Note: Fan speeds may increase while updating the BMC firmware. This is a normal part of the BMC firmware update process.

Using NVSM

The NVIDIA DGX A100 system software includes Docker software required to run the container.
  1. Copy the tarball to a location on the DGX system.
  2. From the directory where you copied the tarball, enter the following command to load the container image.
    $ sudo docker load -i nvfw-dgxa100_21.05.7_210519.tar.gz 
  3. To verify that the container image is loaded, enter the following.
    $ sudo docker images 
    
    REPOSITORY    TAG 
    nvfw-dgxa100  21.05.7
  4. Using NVSM interactive mode, enter the firmware update module.
    $ sudo nvsm
    nvsm-> cd systems/localhost/firmware/install
  5. Set the flags corresponding to the action you want to take.
    $ nvsm(/system/localhost/firmware/install)-> set Flags=<option>

    See the Command and Argument Summary section below for the list of common flags.

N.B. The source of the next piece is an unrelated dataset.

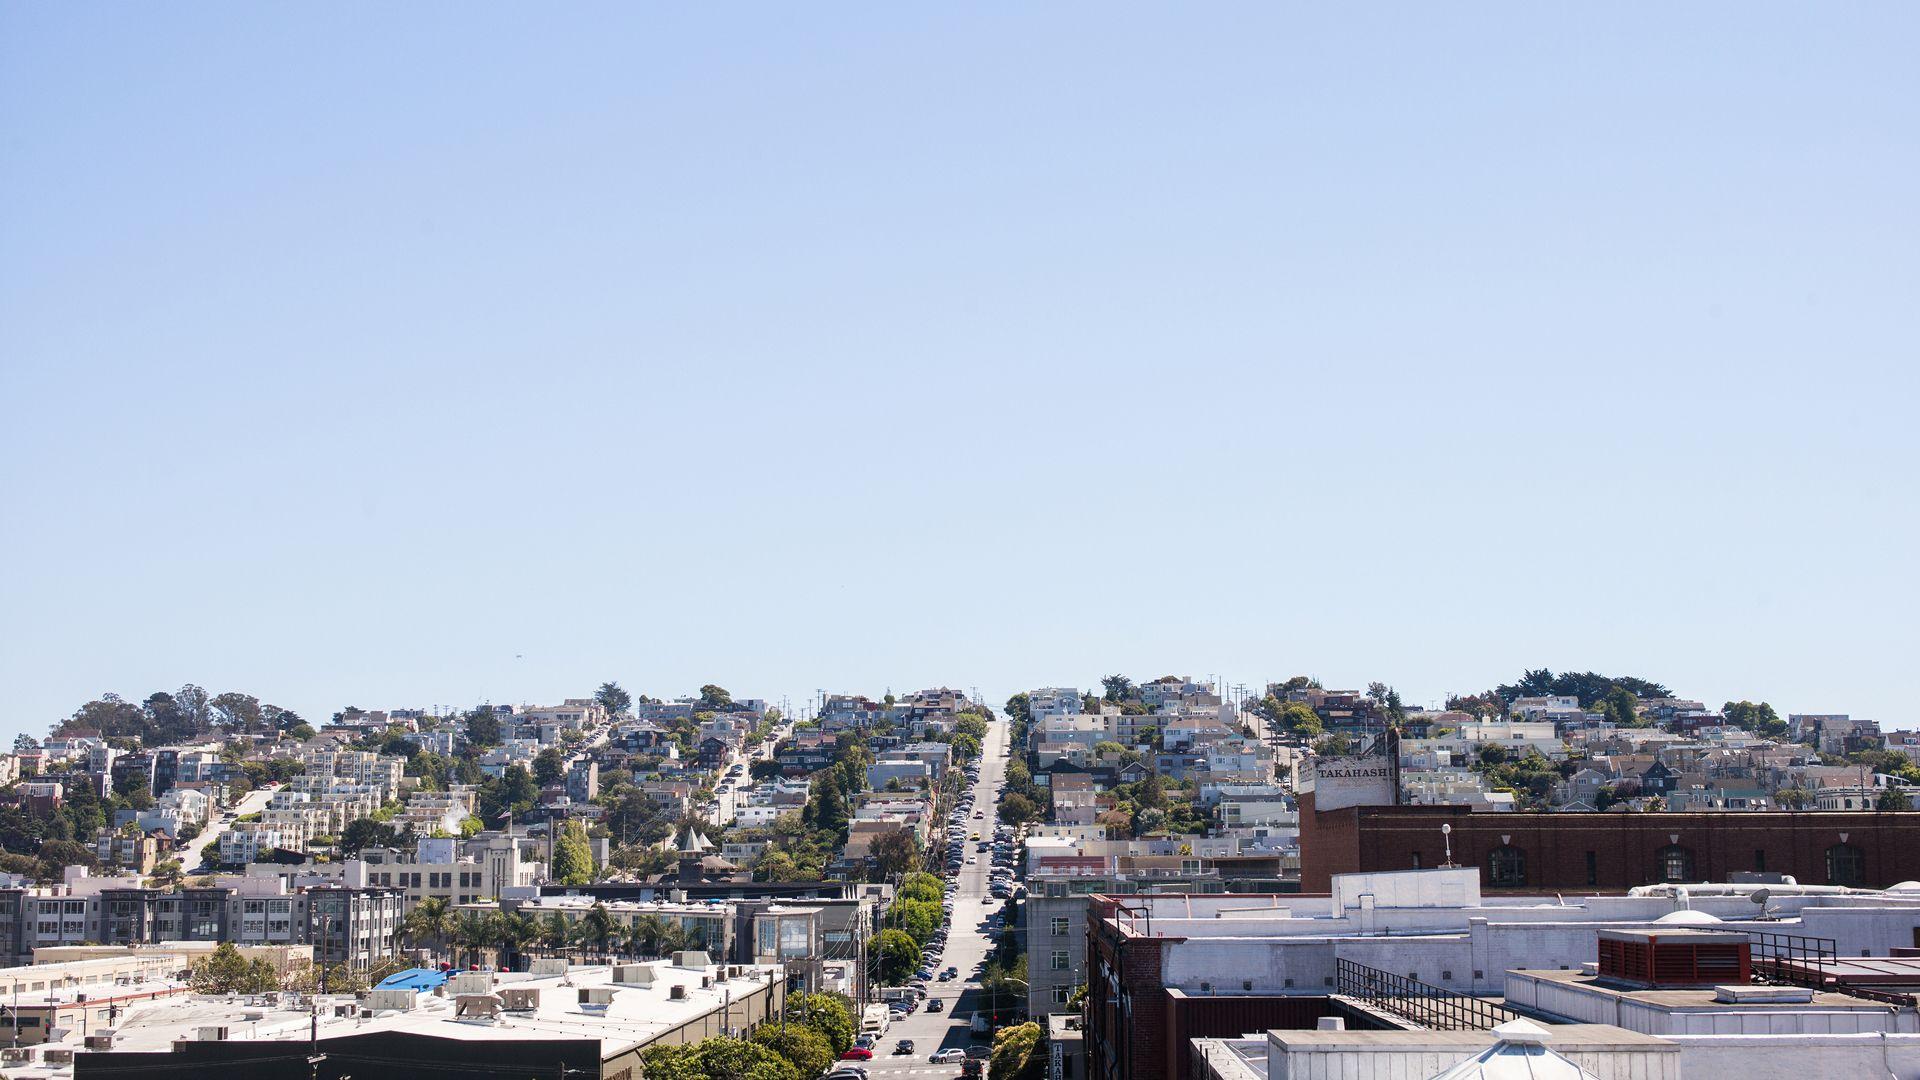 One Henry Adams Apartments - Neighborhood

  6. Set the container image to run.
    $ nvsm(/system/localhost/firmware/install)-> set DockerImageRef=nvfw-dgxa100:21.05.7
    
  7. Run the command.
    $ nvsm(/system/localhost/firmware/install)-> start
    

Using docker run

The NVIDIA DGX A100 system software includes Docker software required to run the container.
  1. Copy the tarball to a location on the DGX system.
  2. From the directory where you copied the tarball, enter the following command to load the container image.
    $ sudo docker load -i nvfw-dgxa100_21.05.7_210519.tar.gz 
  3. To verify that the container image is loaded, enter the following.
    $ sudo docker images 
    
    REPOSITORY    TAG 
    nvfw-dgxa100  21.05.7
  4. Use the following syntax to run the container image.
    $ sudo docker run --rm --privileged -ti -v /:/hostfs nvfw-dgxa100:21.05.7 <command> <[arg1] [arg2] ... [argn]
See the Commands/Argument Summary section below for the list of common commands and argument.
Note: If you do not have the tarball file, but you do have the .run file, you can extract the tarball from the .run file by issuing the following:
sudo nvfw-dgxa100_21.05.7_210519.run -x

Using the .run File

The update container is also available as a .run file. The .run file uses the Docker software if it is installed on the system, but can also be run without Docker installed.
  1. After obtaining the .run file, make the file executible.
    $ chmod +x nvfw-dgxa100_21.05.7_210519.run
  2. Use the following syntax to run the container image.
    $ sudo ./nvfw-dgxa100_21.05.7_210519.run <command> <[arg1] [arg2] ... [argn]
See the Command and Argument Summary section below for the list of common commands and arguments.

Command and Argument List

Common Commands and Arguments

The following are common commands and arguments.
  • Show the manifest
    show_fw_manifest
    • NVSM Example: $ nvsm(/system/localhost/firmware/install)-> set Flags=show_fw_manifest
    • Docker Run Example:$ sudo docker run --rm --privileged -ti -v /:/hostfs nvfw-dgxa100:21.05.7 show_fw_manifest
    • .run File Example: $ sudo ./nvfw-dgxa100_21.05.7_210519.run show_fw_manifest
  • Show version information
    show_version
    • NVSM Example: $ nvsm(/system/localhost/firmware/install)-> set Flags=show_version
    • Docker Run Example:$ sudo docker run --rm --privileged -ti -v /:/hostfs nvfw-dgxa100:21.05.7 show_version
    • .run File Example: $ sudo ./nvfw-dgxa100_21.05.7_210519.run show_version
  • Check the onboard firmware against the manifest and update all down-level firmware.
    update_fw all
    • NVSM Example: $ nvsm(/system/localhost/firmware/install)-> set Flags=update_fw\ all

      For NVSM, an escape is needed before blank spaces when setting the flags.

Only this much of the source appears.